En ese momento, Julián caía al suelo exánime.
La pareja, visiblemente asustada y presa de un gran nerviosismo, abandonó corriendo el escenario del crimen. Ya era completamente de noche y las sombras lo invadían todo. Santiago llevaba el arma en la mano. Una vez en casa, cerraron a cal y canto, pero la guardia civil no tardó demasiado en aporrear la puerta. El juez municipal y su señora lo habían visto todo. Además, la hoja del cuchillo dejó un reguerillo de gotas de sangre entre la plaza y el domicilio de los Adeva. Los agentes detuvieron inmediatamente al matrimonio, que al día siguiente fue trasladado a la prisión de Segovia. El caso estaba bastante claro.

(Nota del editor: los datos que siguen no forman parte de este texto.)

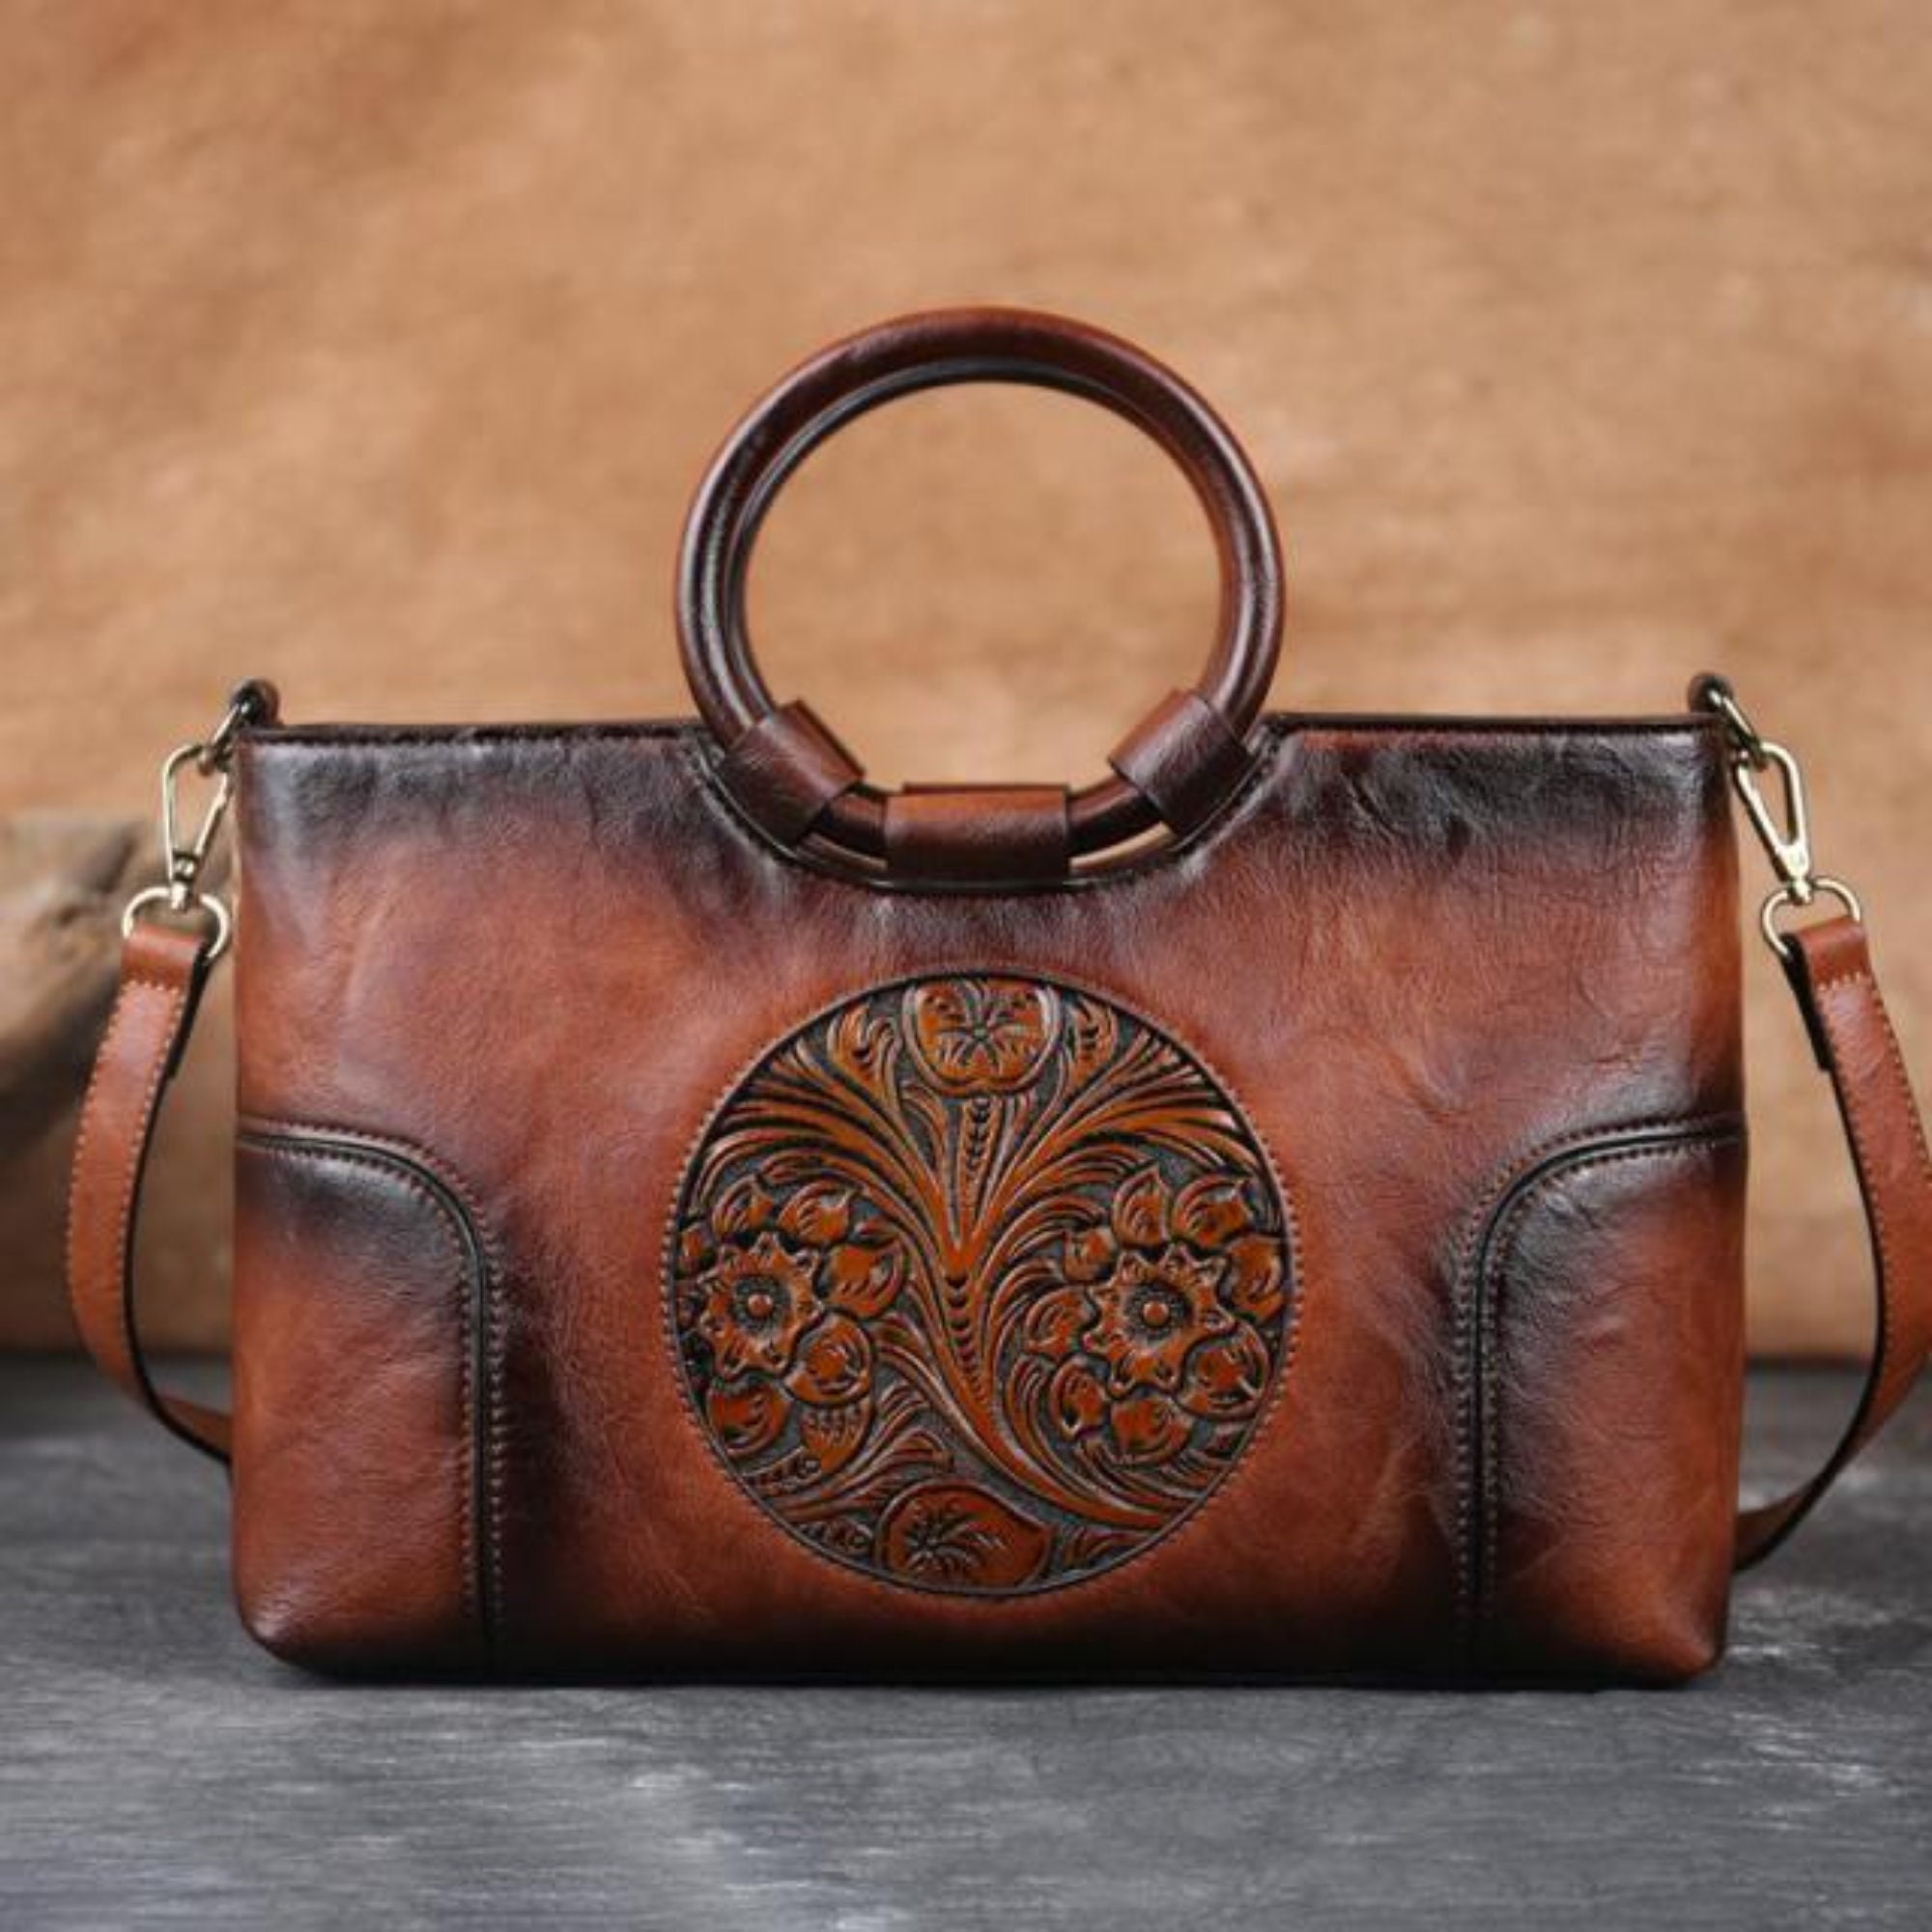 Jessica simpson handbag purse - Gem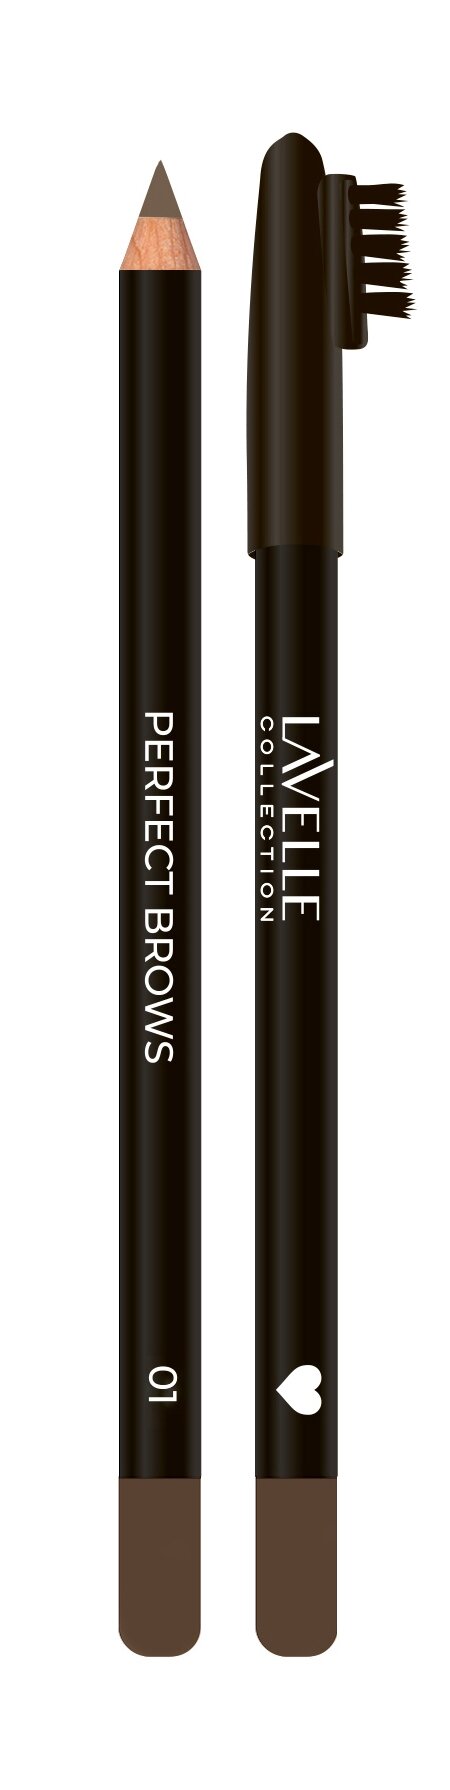 LAVELLE COLLECTION Карандаш для бровей классический Classic Brow Pencil BP02, 0,75 г, 01 светло-коричневый

La Justicia actuó con rapidez. La vista en juicio oral y público de la causa instruida contra Santiago Adeva Ejido y su mujer Valentina Moreno Rodríguez tuvo lugar el 26 de junio de 1889. Componían el Tribunal el presidente, José María Torrecilla, los magistrados, señores Gil Maestre y De la Roza, y un jurado popular integrado por doce individuos. Augusto Álvarez de la Braña actuó como fiscal. Representantes de todos los periódicos locales rodeaban una mesa en el estrado y el público llenaba la sala. El fiscal esgrimió el testimonio del juez municipal y su esposa para demostrar la culpabilidad de los cónyuges. También aludió a las manchas de sangre encontradas tanto en el suelo como en la ropa de los reos, y echó mano de la jurisprudencia para corresponsabilizar del crimen a Valentina Moreno, «aunque ésta no hubiere asestado a Julián de Andrés la cuchillada que acabó con su vida». En sus conclusiones provisionales, Álvarez de la Braña pidió para cada uno de los procesados la pena de catorce años, ocho meses y un día de reclusión temporal, además de una indemnización de 2.500 pesetas a la viuda y los hijos de la víctima.
El abogado Faustino de Torres centró la defensa del Santiago y la Valentina en contrarrestar el testimonio del juez municipal y argumentó con solvencia que el marido, lejos de querer matar a Julián de Andrés, obró por la fuerza irresistible del arrebato al sentirse recriminado por éste. El letrado pidió seis años y un día de prisión mayor para Santiago Adeva y la libre absolución de la mujer. Sin embargo, los jurados encontraron culpables a los dos y condenaron a los procesados a la pena de doce años y un día de reclusión temporal, más las accesorias.
El papel desempeñado por los señores jurados fue muy alabado en la prensa local aquellos primeros días del verano de 1889. José Rodao, en su artículo semanal, subrayó la satisfacción que la decisión final dejó entre el público: «Ni una protesta, ni una duda, ni el más pequeño error aparecieron en el transcurso del juicio (…) Podemos asegurar que por lo menos en esta provincia, la beneficiosa é importante institución del Jurado no ha de desacreditarse (…) Concretémonos á aplaudir la institución del Jurado, á los dignos Presidente y Magistrados de esta Audiencia, que tan acertadamente interpretan las leyes, y á cuantos de uno ú otro modo contribuyen á que resplandezca el sol de la Justicia».